We introduce a relation recognition algorithm that can detect n-ary relations across multiple sentences in a document, and use the subcellular localization relation as a motivating example. The approach uses a text-graph representation of the entire document that is based on intrasentential edges derived from each sentence’s predicted syntactic parse trees, and on intersentential edges based on either the linking of adjacent sentences or the linking of coreferents, if reliable coreference predictions are available. From the text graph state-of-the-art features such as named-entity features and syntactic features are produced for each argument pairing. We test the approach on the task of recognizing, in PubMed abstracts, experimentally validated subcellular localization relations that have been curated by biomedical researchers. When tested against several baseline algorithms, our approach is shown to attain the highest F-measure.

Conclusions

We present a method that naturally supports the recognition of semantic relations with more than two arguments and whose mentions can reside across multiple sentences. The algorithm accelerated the extraction of experimentally validated subcellular localizations. Given that the corpus is based on abstracts, not copyrighted papers, the data is publicly available from koch.pathogenomics.ca/pplre/. Significant work remains to approximate human expert levels of performance. We hypothesize that additional features are required that provide contextual information from elsewhere in the document about whether the relation refers to an experimentally validated finding.

Background

Much of the world’s biomedical knowledge is contained in the natural language text within research papers that are increasingly becoming available online. Applications that have begun to tap this knowledge include information extraction and question answering algorithms, but these algorithms require effective approaches to recognize semantic relations between entity mentions. As has occurred in other natural language processing tasks, such as named entity recognition, approaches to relation recognition have evolved over time from knowledge engineering heuristic-based ones [2] to those that apply supervised machine learning algorithms to the task [1,5,8,10,11,13,14]. Early supervised learning approaches used bag-of-word representations of the document [14], then quickly proceeded to analyze shallow sequence representations [1], and most recently the emphasis has been on full syntactic parsing of each sentence [8,10,13].

While the performance of supervised relation detection has improved significantly since initial proposals [11], many more advances in the field are required before human levels of competency are attained. State-of-the-art performance on the protein/gene interaction task is currently 75% F-measure [5], but this performance was attained on binary relations and the evaluation does not include the missed relations where entity mentions reside on separate sentences. Research in NLP that has looked at information in multiple sentences has focused on the topics of co-reference, and more specifically, in entity detection and tracking across sentences. However, such research has not yet been used in combination with state-of-the-art approaches to relation detection, especially those that use state-of-the-art features. As a motivating example, consider the following passage composed of three sentences: “The pilus LOCATION of V. choleraeORGANISM is essential for intestinal colonization. The pilus LOCATION biogenesis apparatus is composed of at least nine proteins. TcpC PROTEIN is an outer membrane LOCATION lipoprotein required for pilus LOCATION biogenesis.” To our knowledge no supervised relation recognition algorithm can currently identify the ternary relation between the organism in the first sentence, and the subcellular location and protein in the third sentence. This relation would go undetected by current information extraction algorithms.
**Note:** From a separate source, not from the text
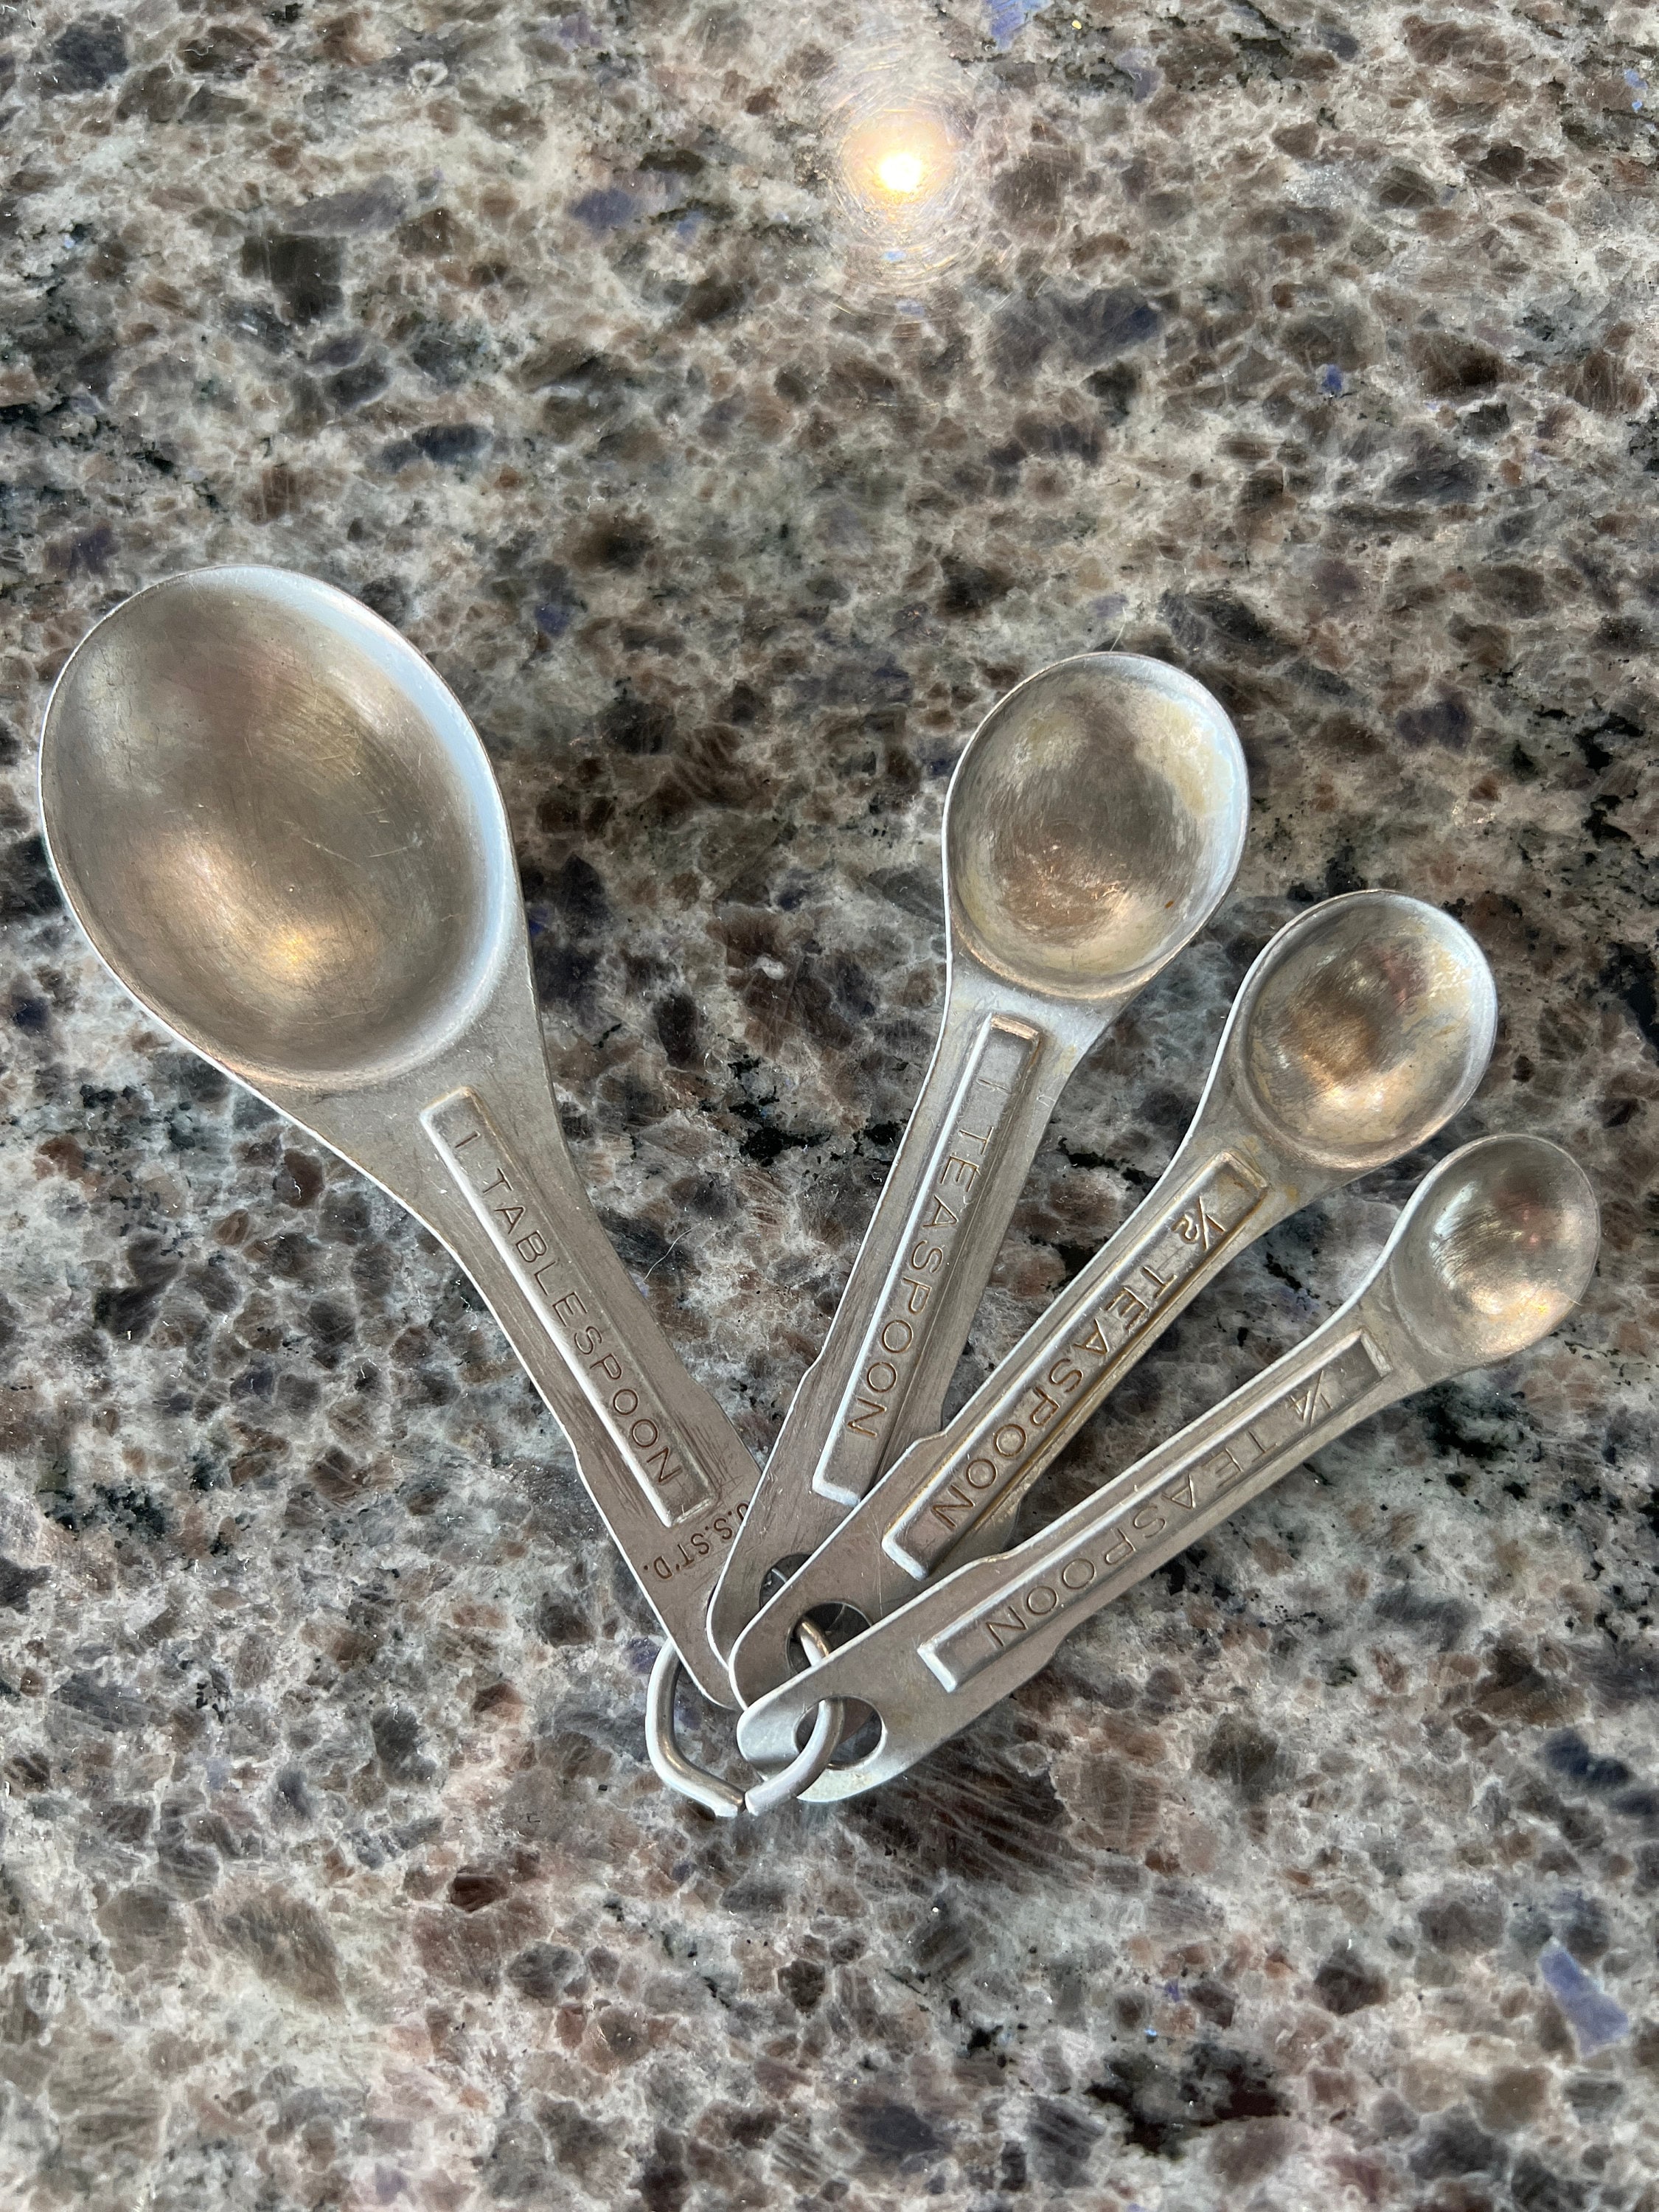 4pc Nesting Stainless Steel Measuring Spoon Set - 1/4 Teaspoon to 1  Tablespoon

Our work aims to address this scenario in order to improve the Recall and F-measure of relation recognition methods. We propose a framework that subsumes the representation used by state-of-the-art approaches when applied to the detection of binary relations within a single sentence. The framework is centered on a text-graph representation that includes intersentential edges. We illustrate that the generation of relation cases when dealing with multi-sentence passages can significantly increase the proportion of false relation cases from which to construct a classification model, but that our approach copes with this increase in negative cases.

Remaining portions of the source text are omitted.